● TASK MATERIAL
· · · ·

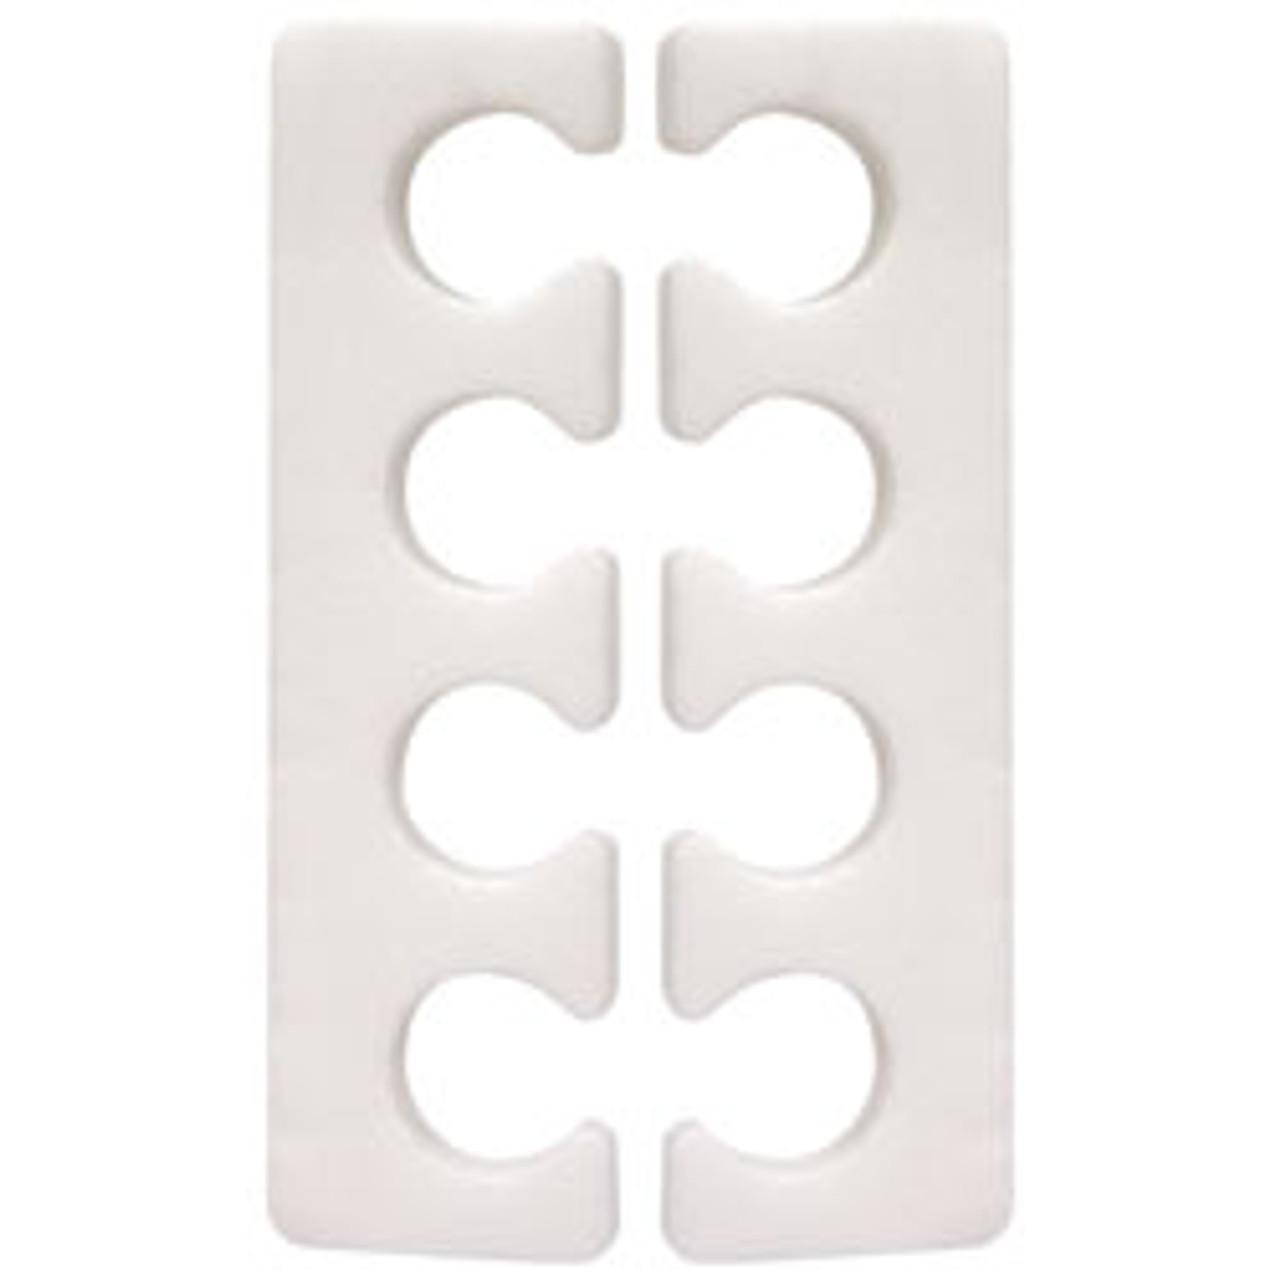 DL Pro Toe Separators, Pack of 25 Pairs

· · · ·

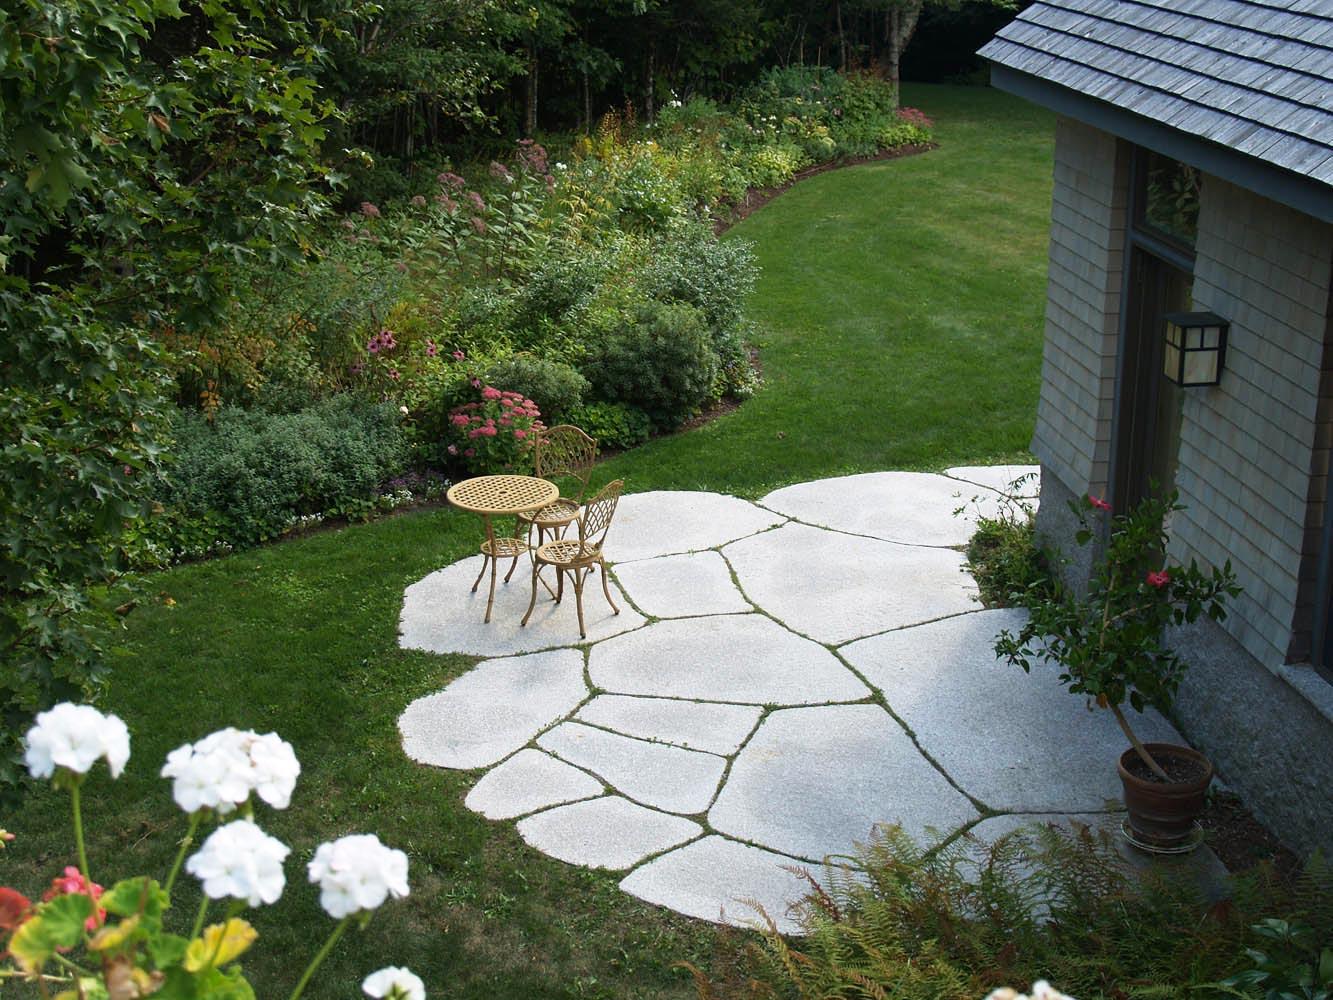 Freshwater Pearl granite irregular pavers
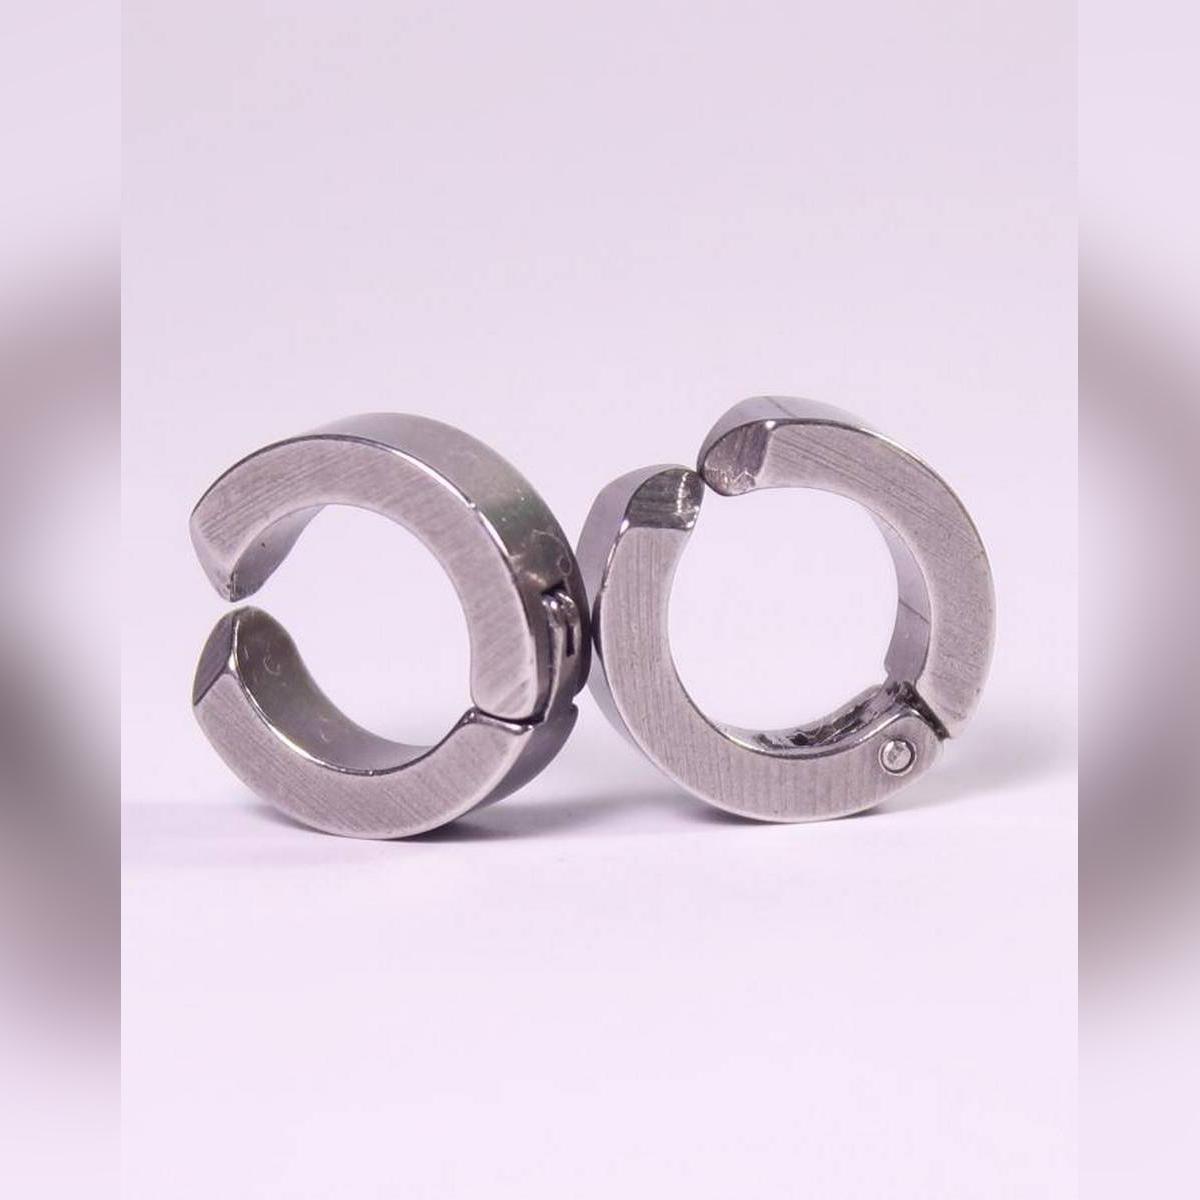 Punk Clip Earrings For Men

· · · ·

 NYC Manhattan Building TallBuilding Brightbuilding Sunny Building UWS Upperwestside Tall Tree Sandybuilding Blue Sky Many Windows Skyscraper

· · · ·

● AIM OF THE TASK
Since the pictures are not part of the copy, please transcribe only the lines above from the one with "Freshwater Pearl granite irregular pavers" through the one with "Punk Clip Earrings For Men", exactly and with both ends.

● OUTPUT FOR THIS TASK
 Freshwater Pearl granite irregular pavers
 Punk Clip Earrings For Men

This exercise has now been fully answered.